Stan’s gaze settled on the pile of documents I’d left on the desk. “You look for your cash?”

“No,” I said, before realizing what a good excuse that was. “Well, yeah, but I wouldn’t have just taken it.”

He put his hand into his back pocket. When he drew it out, it was fisting a wad of twenties. At no point did he take his eyes off me. When I opened my mouth to ask for a payslip, nothing came out. The big dark car was still purring in the yard—the headlights seared round the edges of the blind. I wanted out of Papa Bulgaria forever. I watched Stan count twenties and realized I was about to be royally shafted. I reached out to take what he offered. My fingers shook. As I touched the money, he yanked his hand away.

And then my mobile rang. It was the thing that I should have predicted and planned for. Of course Rey would get straight back; I hadn’t even told him where I’d found Abbott’s phone. I had to poker up my face and cancel the call. I took just one second too long. Stan stuffed the money back into his pocket. He hurtled towards me. His body slammed into mine, and we powered across the room. The breath was crushed from my lungs as he pinned me against the filing cabinet. My spine shrieked in pain as I hit the drawer handles.
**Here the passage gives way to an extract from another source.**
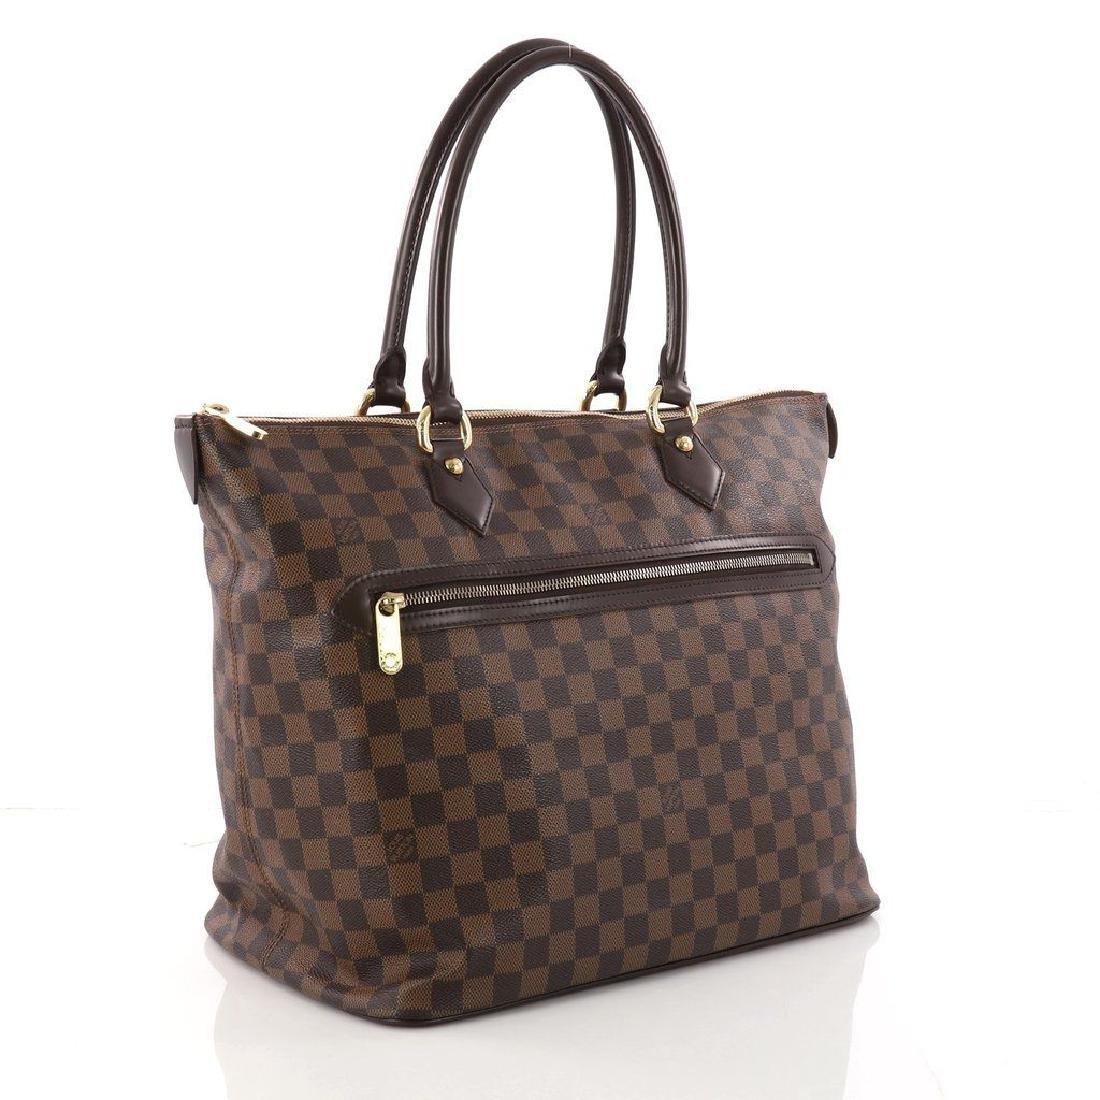 Louis Vuitton Damier Ebene Saleya GM Tote Shoulder Bag

I tried to inhale, but all I could do was cough and gasp. Stan’s arm was crooked around my neck, his other hand searching pockets. He found my phone, buzzing and chirping away. He stuffed it in his jeans pocket. The ringing tone went on, muffled by denim. Stan went back to his search until he’d extracted the iPhone. His grin widened. I realized that he hadn’t been staring at the documents on the desk. He’d spotted the innocuous blob of Blu-Tack.